So if we wanted to write a regular expression that matched with Author: and whatever is between that and Full Text:  any time those phrases appeared in that order within the text file, it would look like this. 

Author:.*?Full text:

  • Let's make sure this regular expression works and go to the Find window, 
  • Select Regular expression as the Search Mode you want to be in and make sure that above it Wrap around is checked off and the check box for .matches newline is checked off too since our match will go across multiple lines.
  • Type in Author:.*?Full text: in the search bar and choose Find All in Current Document. It gives 9 results as expected
  • Let's double-click through an assortment of those hits to make sure that what's highlighted as a match is what we eventually want to edit out of the file.

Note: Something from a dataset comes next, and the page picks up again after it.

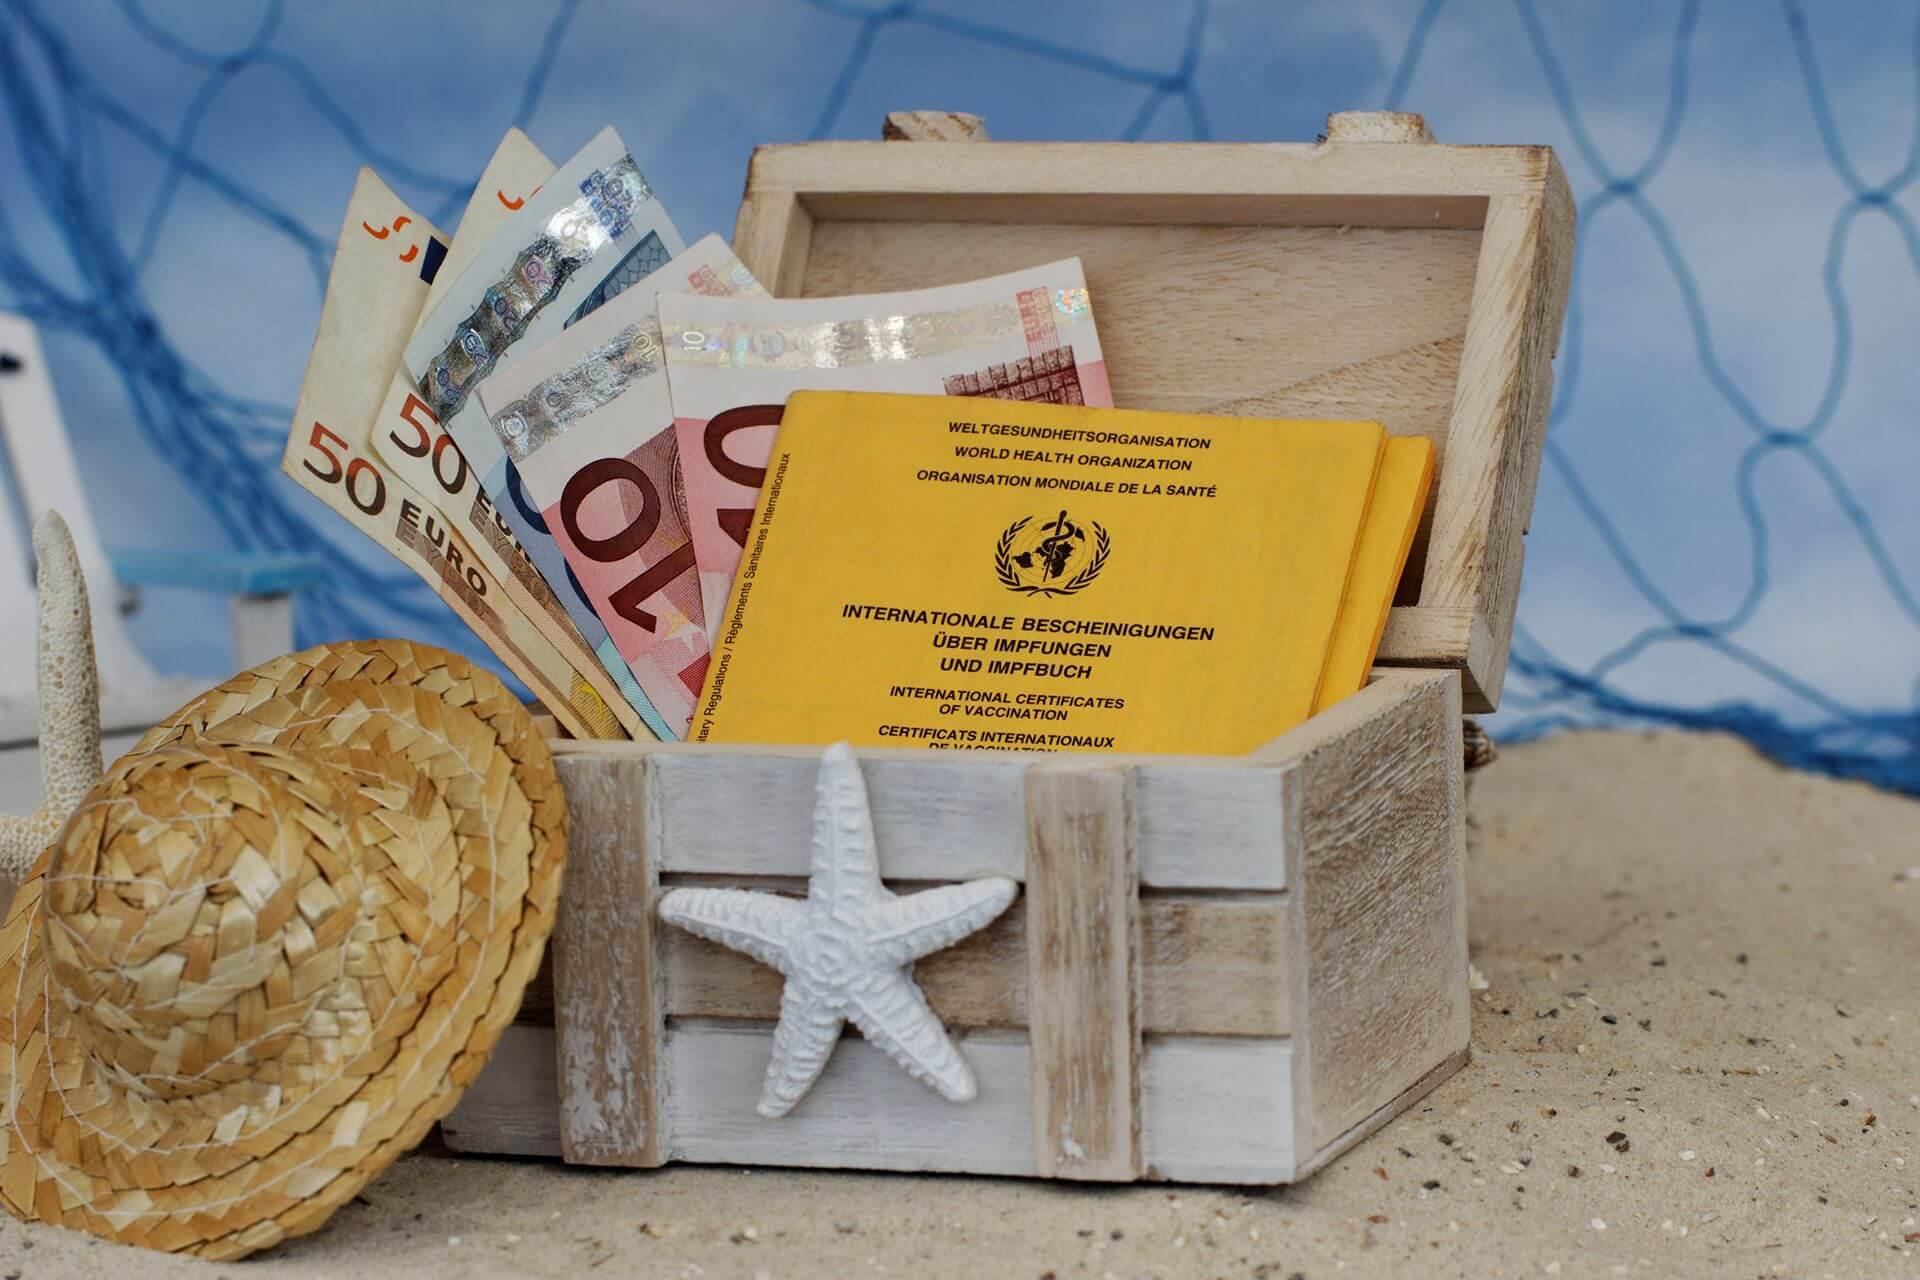 Reisekasse mit Euro-Scheinen und Impfpässen.

In this case, we'll see that what's highlighted as a match for our regular expression is in fact what we want to cut out and no more or less, so yay!

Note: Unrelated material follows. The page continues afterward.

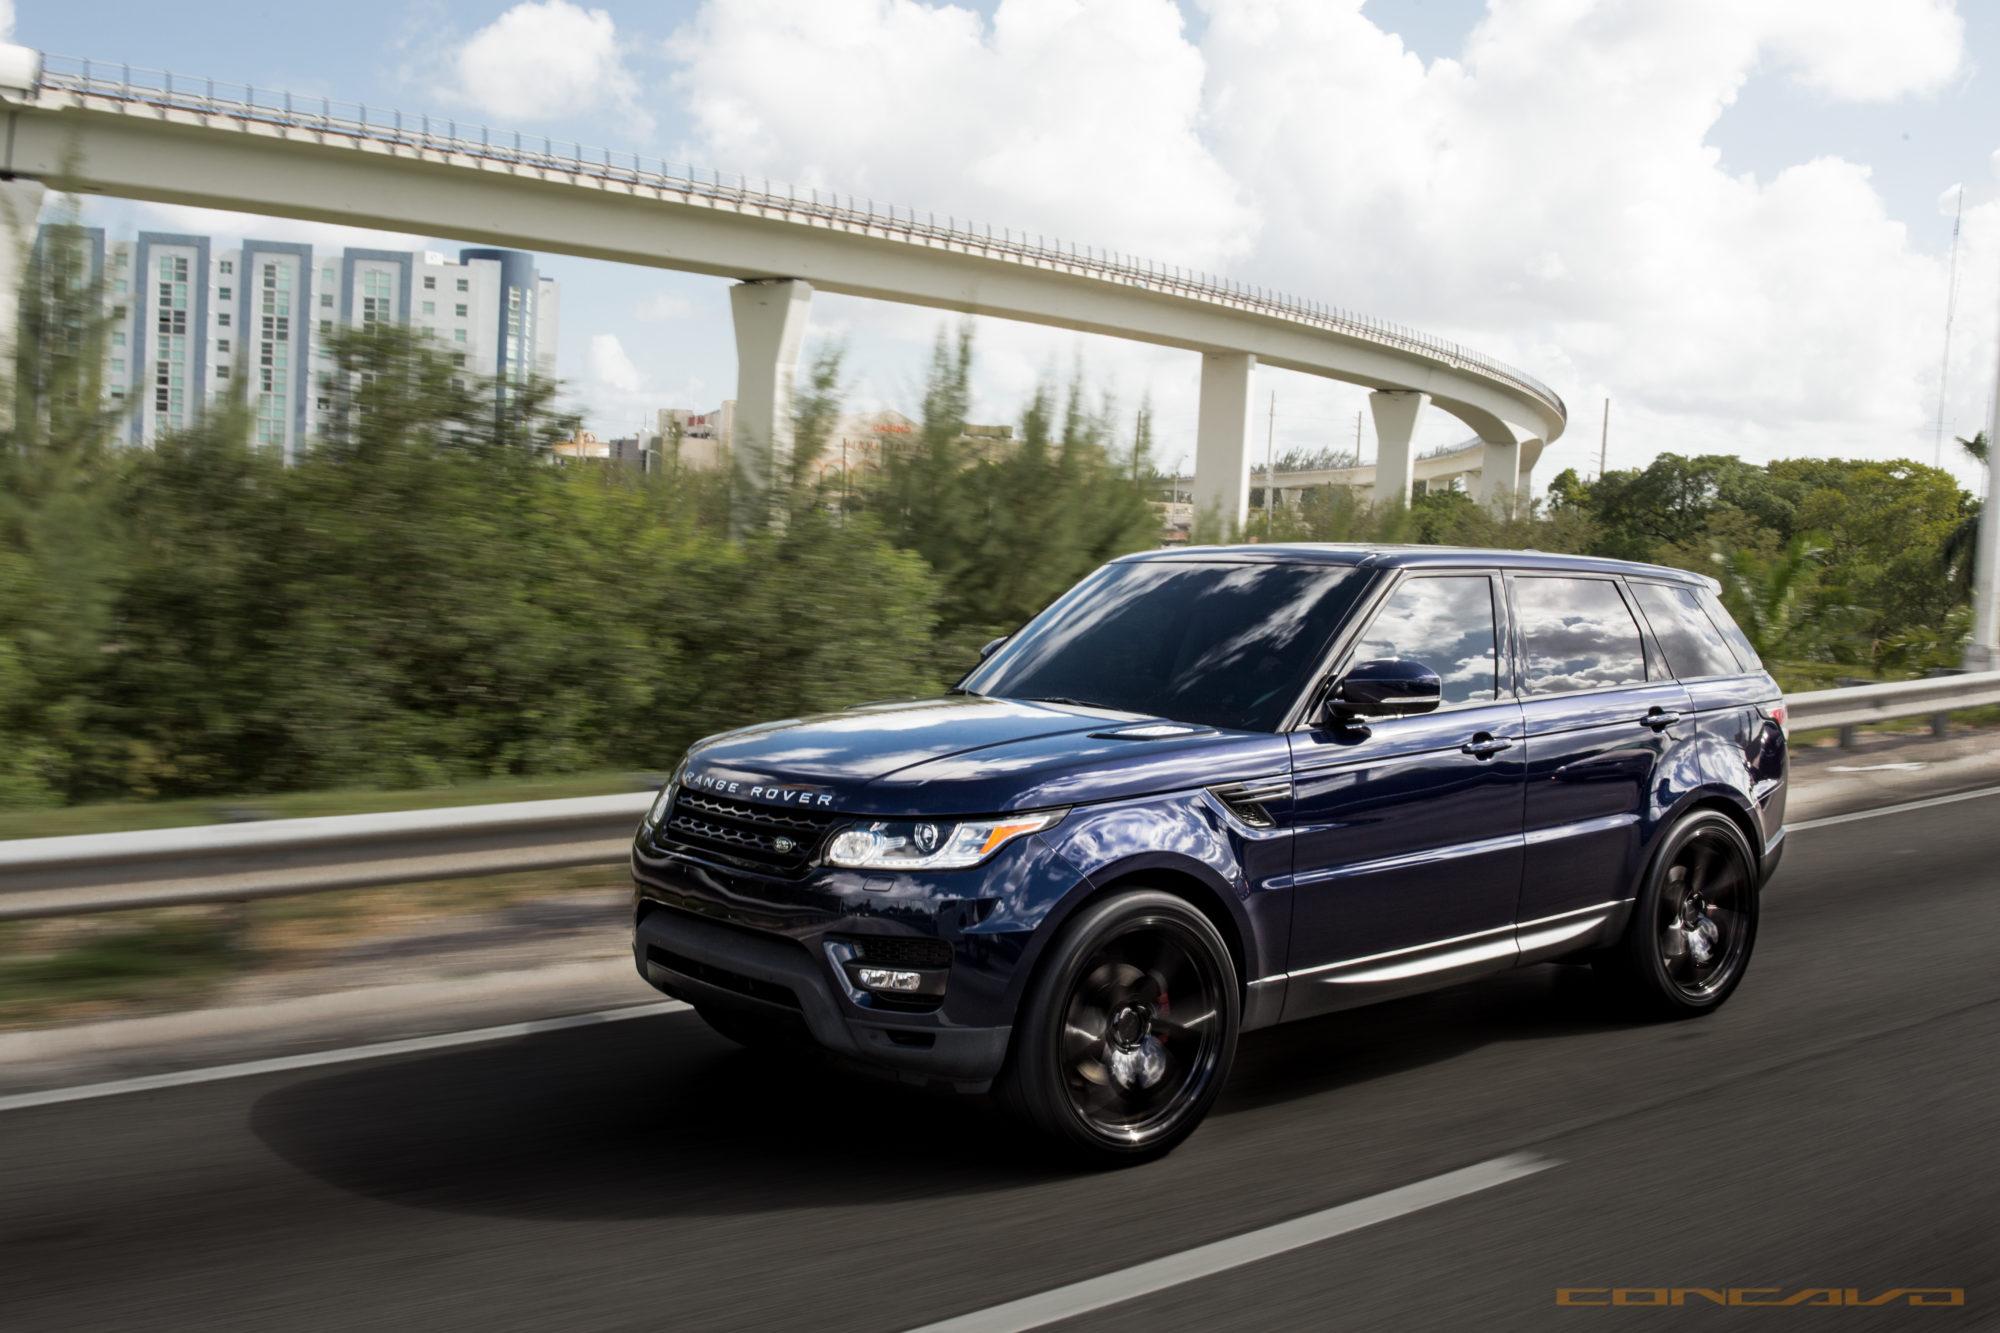 Range Rover on Custom 24″ CW 6 – Concavo Wheels

Now that we have confirmed that our regular expression matches what we want to edit out, let's replace what it has matched with blank space, in other words, deleting it.

  • Click the Replace tab to move to that window. It should automatically move over the last search that you did into the box after Find what:
  • In the box after Replace with: since you want that text to be replaced with nothing, leave that box blank. Then choose Replace All
  • There will be text at the bottom of the Replace window letting you know that it has replaced 9 occurrences of what you asked it to find. 
  • Scroll through, and you'll see that with the exception of the second article (the one where the first line after the title is Publication info: not Author:)  all of the articles now have the extra text between the article title and the article content deleted. 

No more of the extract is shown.